Getting Started

To get started with PyDolphinScheduler you must ensure python and pip installed on your machine, if you’re already set up, you can skip straight to Installing PyDolphinScheduler, otherwise please continue with Installing Python.

Installing Python

How to install python and pip depends on what operating system you’re using. The python wiki provides up to date instructions for all platforms here. When you entering the website and choice your operating system, you would be offered the choice and select python version. PyDolphinScheduler recommend use version above Python 3.6 and we highly recommend you install Stable Releases instead of Pre-releases.

After you have download and installed Python, you should open your terminal, typing and running python --version to check whether the installation is correct or not. If all thing good, you could see the version in console without error(here is a example after Python 3.8.7 installed)

python --version

Will see detail of Python version, such as Python 3.8.7

Installing PyDolphinScheduler

After Python is already installed on your machine following section installing Python, it easy to PyDolphinScheduler by pip.

python -m pip install apache-dolphinscheduler

The latest version of PyDolphinScheduler would be installed after you run above command in your terminal. You could go and start Python Gateway Service to finish the prepare, and then go to Tutorial to make your hand dirty. But if you want to install the unreleased version of PyDolphinScheduler, you could go and see section installing PyDolphinScheduler in dev branch for more detail.

Note

Currently, we released multiple pre-release package in PyPI, you can see all released package including pre-release in release history. You can fix the the package version if you want to install pre-release package, for example if you want to install version 3.0.0-beta-2 package, you can run command python -m pip install apache-dolphinscheduler==3.0.0b2.
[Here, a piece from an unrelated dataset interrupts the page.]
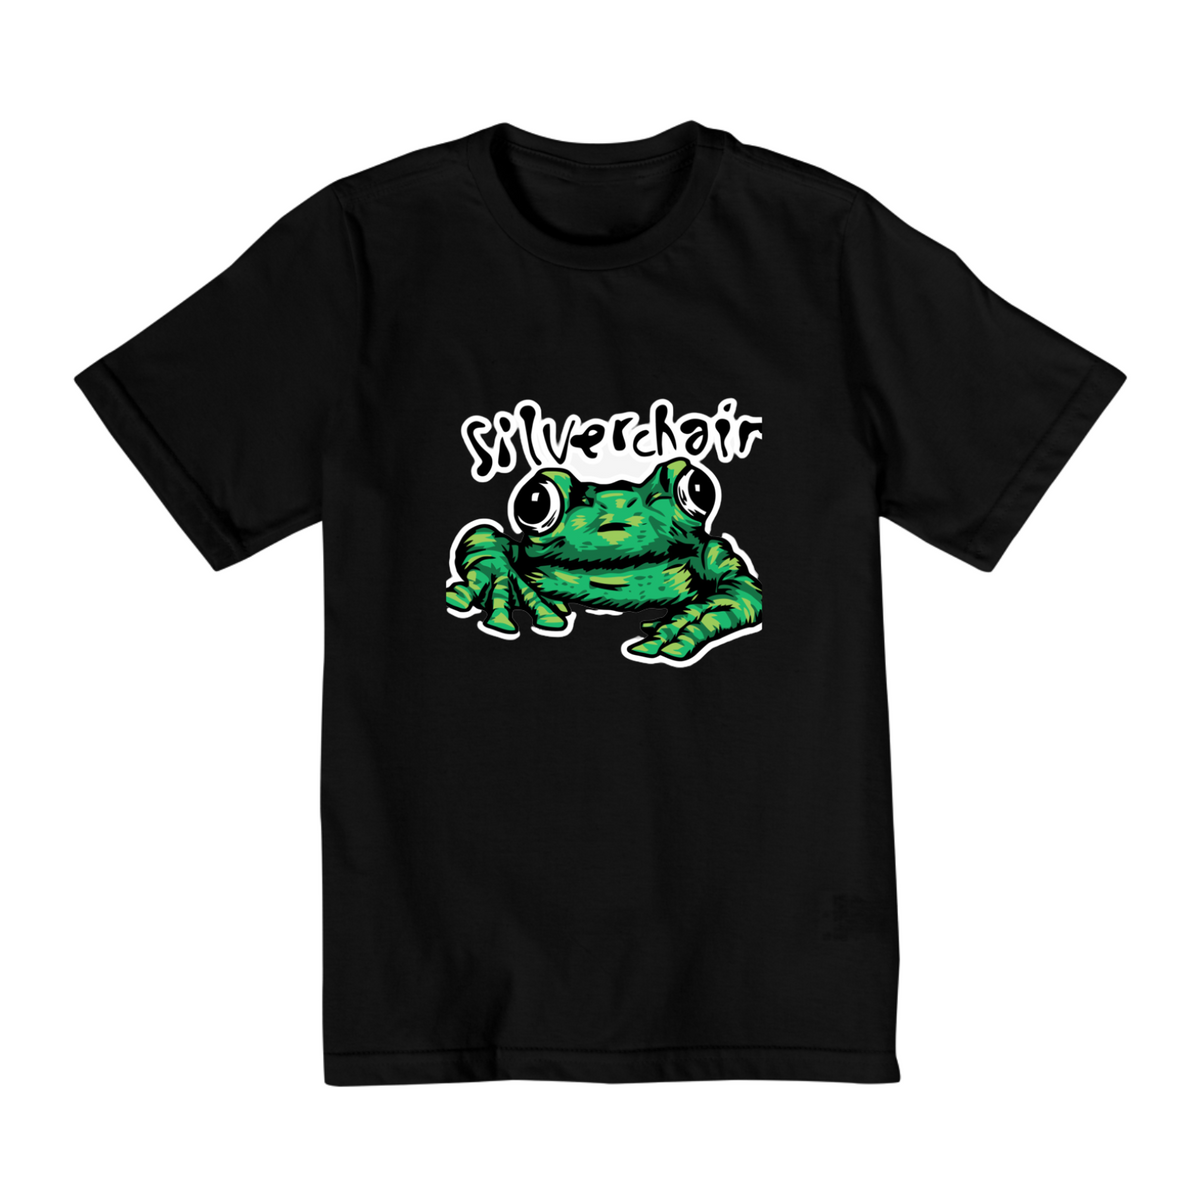 Nome do produto: Camiseta Infantil 02 a 08 anos - Bandas -  Silverchair

Installing PyDolphinScheduler In DEV Branch

Because the project is developing and some of the features still not release. If you want to try some thing unreleased you could install from the source code which we hold in GitHub

# Clone Apache DolphinScheduler repository
git clone git@github.com:apache/dolphinscheduler.git
# Install PyDolphinScheduler in develop mode
cd dolphinscheduler-python/pydolphinscheduler && python -m pip install -e .

After you installed PyDolphinScheduler, please remember start Python Gateway Service which waiting for PyDolphinScheduler’s workflow definition require.

Above command will clone whole dolphinscheduler source code to local, maybe you want to install latest pydolphinscheduler package directly and do not care about other code(including Python gateway service code), you can execute command

# Must escape the '&' character by adding '\'
pip install -e "git+https://github.com/apache/dolphinscheduler.git#egg=apache-dolphinscheduler&subdirectory=dolphinscheduler-python/pydolphinscheduler"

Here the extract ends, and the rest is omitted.